The planned merger of Berkeley’s REALM Charter School with a larger charter school organization, which was first reported by Berkeleyside, could jeopardize the school’s current agreement with the Berkeley Federation of Teachers, or BFT, a local union.
REALM, a charter middle and high school in Berkeley, has faced considerable financial woes in recent years, with the Berkeley Unified School District, or BUSD, issuing a notice of violation for its poor financial health Feb. 6. The notice is one of several REALM has received since its charter was last renewed. A merger with Compass Charter School now promises to alleviate some of REALM’s troubles, but leaves open questions of the union’s status at the schools.
REALM’s current agreement with the BFT establishes standards for REALM teachers’ working environments, such as maximum daily hours and guaranteed sick leave. The union’s agreement with REALM, according to Matt Meyer, vice president of the BFT, has been in the works for the past four years. Members of the BFT are apprehensive about the future of the union’s status at the school.
“Compass doesn’t recognize the current collective bargain(ing) agreement,” said J.J. Lewis, superintendent and CEO of Compass. “Compass needs to arrive at another agreement (with the BFT) by June 1.”
It is not unprecedented for charter schools and unions to have tense relations.

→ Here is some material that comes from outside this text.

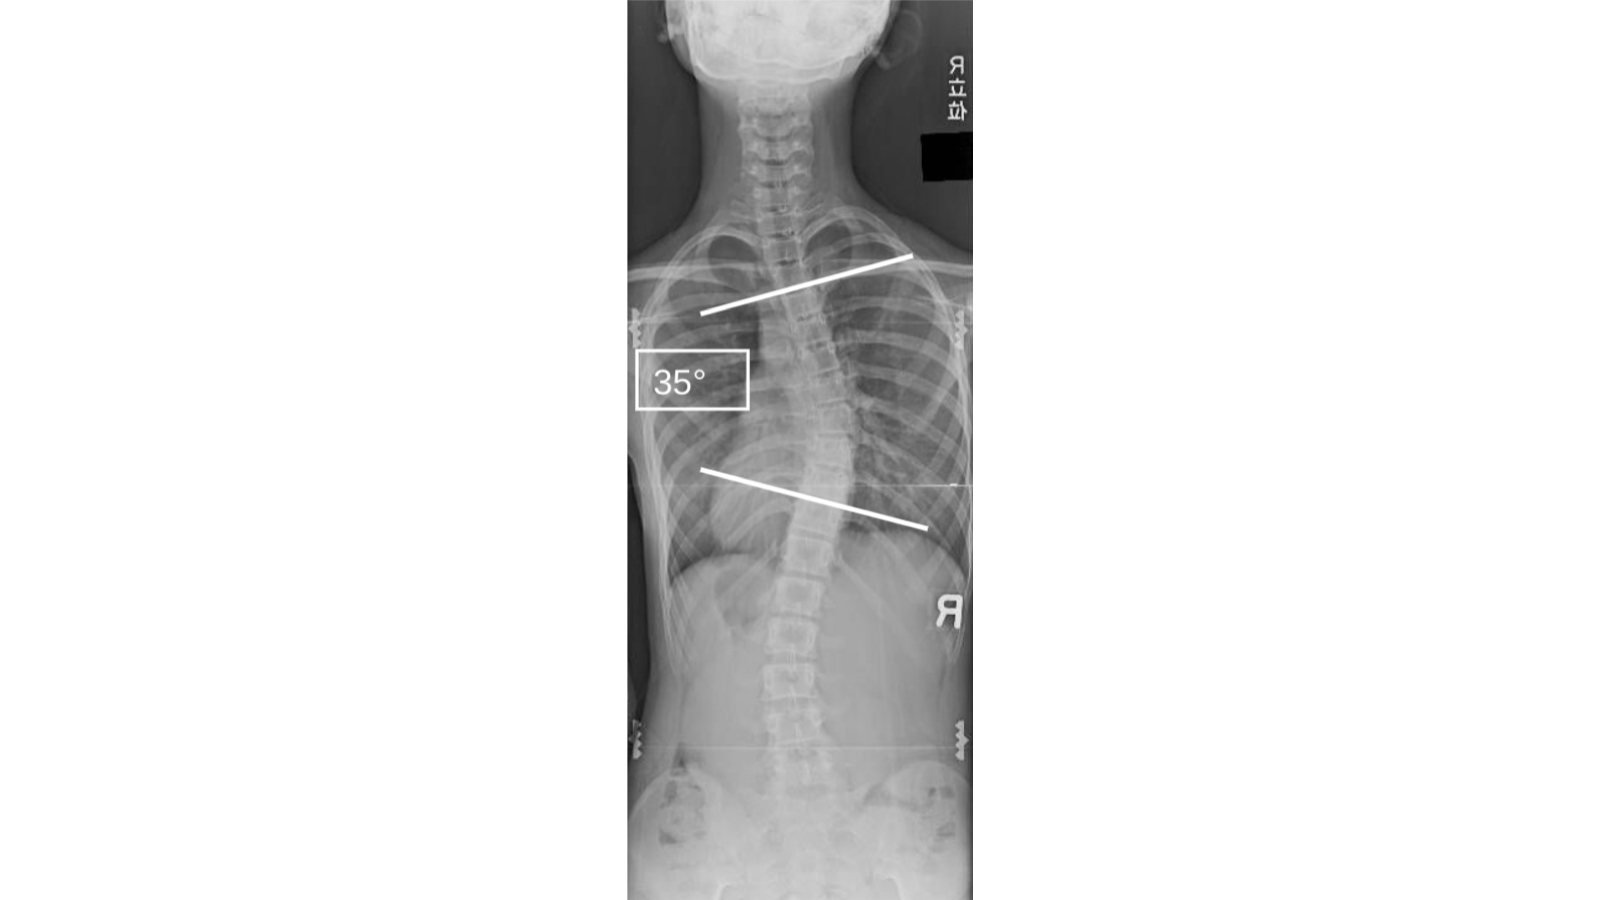 思春期特発性側弯症の症例の背部から撮像したレントゲン（10歳台 女性 コブ角35度の中等症）

Joshua Pechthalt, the president of the California Federation of Teachers, or CFT — BFT’s state-level affiliate — called charters schools a threat to “the very nature of public education” in an article on the CFT website.
REALM’s current cooperation with the BFT is uncommon. It is, as of 2016, part of just over a tenth of all charter schools nationwide which entered into agreements with unions. Compass is not a part of that minority, as a corporation in which Lewis claimed that “teachers have not gone through and wanted to unionize.”
“(REALM) was very much a community school. It wasn’t part of the charter chain … This (merger) is very much a departure from that,” Meyer said. “We’ve been working on our contract at REALM for the last four years.”
REALM as a corporation, however, may soon cease to exist. Although Lewis stressed that the deal between REALM and Compass is not a hostile takeover or acquisition, the merger resolution stated that the “corporate existence of REALM shall cease and Compass shall continue as the surviving corporation.”
The current deal, according to Lewis, is predicated on REALM’s successful reduction of debt by 30 percent. Multiple finance-related notices of violation have been issued by the BUSD since 2016.
BUSD director Ty Alper noted concerns over REALM’s finances, saying in an email that the charter’s “financial health has long been a concern and we will need to review and evaluate REALM’s response to the notice of violation that we recently issued.”
If REALM succeeds in improving its financial position, Compass is offering the adoption of its debts and liabilities. Lewis also detailed plans to attempt to increase enrollment in online, independent study classes. Apart from these, Lewis said, REALM’s curriculum would go relatively unchanged.
“I’m excited to work with anybody who wants to work to make sure this merger is successful,” Lewis said. “That includes all stakeholders …. All voices are wanted, all voices are valued.”